Why is this robust left IPL activation during tool use pantomime in healthy participants not reflected in a clear cut relation between parietal lesions and pantomime dysfunction? Goldenberg (2009) suggests that the unusual position and awkward visual and spatial context of the participant during imaging studies may give rise to additional spatial demands that induce this parietal activation. It can be argued that this possible confound would not hold for planned or imagined pantomimes, and that the latter tasks nevertheless reveal significant left IPL activity. An alternative explanation may be that a left parietal lesion often does not suffice to elicit deficient pantomiming. Although the left PPC may be involved in the initiation and control of motor schemata for pantomiming the use of familiar objects, the existence of multiple and potentially redundant left parietal foci, and the modulation of right parietal regions during the pantomiming of familiar and unfamiliar tools hints at the availability of compensatory mechanisms (Vingerhoets et al., 2011). Additional frontal or white matter damage may be required to disrupt the execution of the (sub-optimal) pantomime plan.

Imagined use of objects and tools

Imagined tool use is a strategy used in some neuroimaging studies to avoid possible noise of overt movements in the magnet or to explore the neural correlates of mental imagery. The drawback of imagined gestures is of course a lack of performance and compliance data, although the temporal coupling between imagined and executed movements can be used for a timed estimation of the imagery performance (Vingerhoets et al., 2009a). In addition, it is unclear how “imagined tool use” differs from “planned pantomime,” an approach that introduces a delay period between stimulus presentation and the execution command (Johnson-Frey et al., 2005; Kroliczak and Frey, 2009). During the delay period participants are required to prepare the instructed gesture, but it is unclear whether this required keeping the task active in working memory or to imagine its execution. Here, I will focus on studies that explicitly requested imagined tool use.

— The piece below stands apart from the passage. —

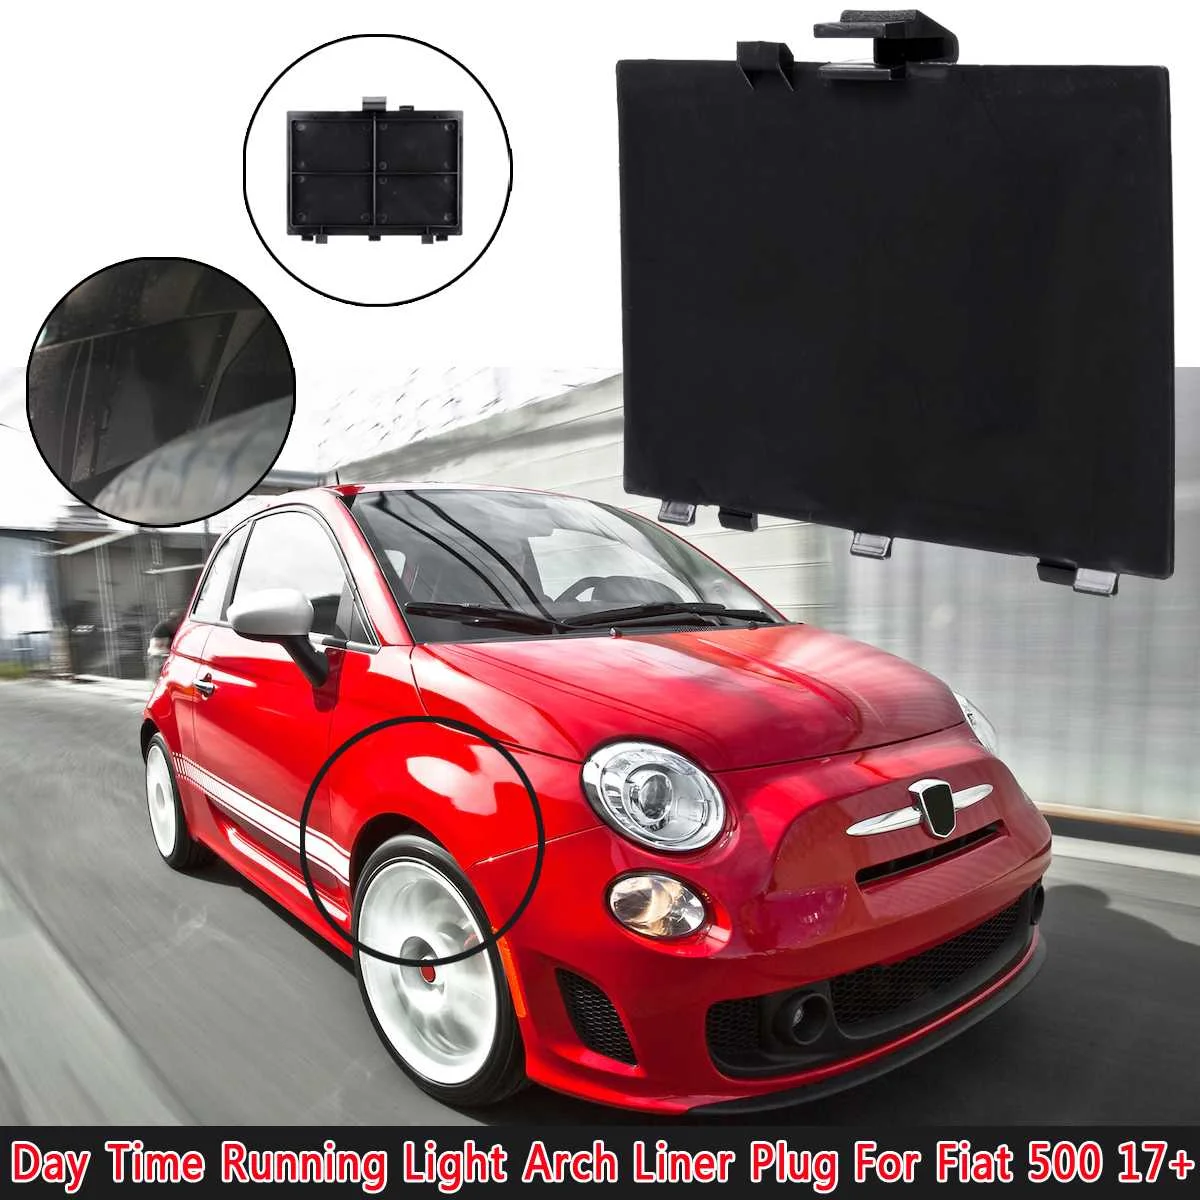 Day Time Running Light Cover 71752114 Running Light Trim Cover Board Fits for Fiat 500 Left and Right Front Arches

Imazu et al. (2007) found increased activity in the left IPL (BA 40) during imagined and executed pantomimes compared to actual chop stick use. They suggested that this left IPL focus was involved in the explicit retrieval and production of grasping and manipulation of objects without sensory feedback. Moll et al. (2000) reported IPS patterns of activation during imagined tool-use performance (versus an imagined control motor task) that were identical to those during a similar pantomimed contrast. Vingerhoets et al. (2009a) compared the parietal activation during imagined use versus imagined displacement of the same tools and uncovered activation in left SPL extending to mIPS and aIPS. Unfortunately this study only compared different manipulations of target objects and tasks, it did not include a condition with executed pantomimes. Interestingly, a very strict conjunction analysis aimed to reveal voxels that are activated while using a familiar tool (in imagination) while correcting for differences in object qualities or non-functional aspects of reach-and-grasp movements, detected significant activity on the convex border of the left SPL/SMG in a region that is very close to the posterior SMG focus described in the pantomime section (Vingerhoets et al., 2009a). Again, this finding confirms the involvement of the posterior SMG region for the representation of motor schemata for the functional use of tools. The few studies on imagined (rather than executed) pantomimes seem to indicate that imaging tool use produces activation in the same regions that are active during the real pantomiming of tool use, confirming the close neural match between motor imagery and executed movement (Jeannerod, 2001; Kosslyn et al., 2001).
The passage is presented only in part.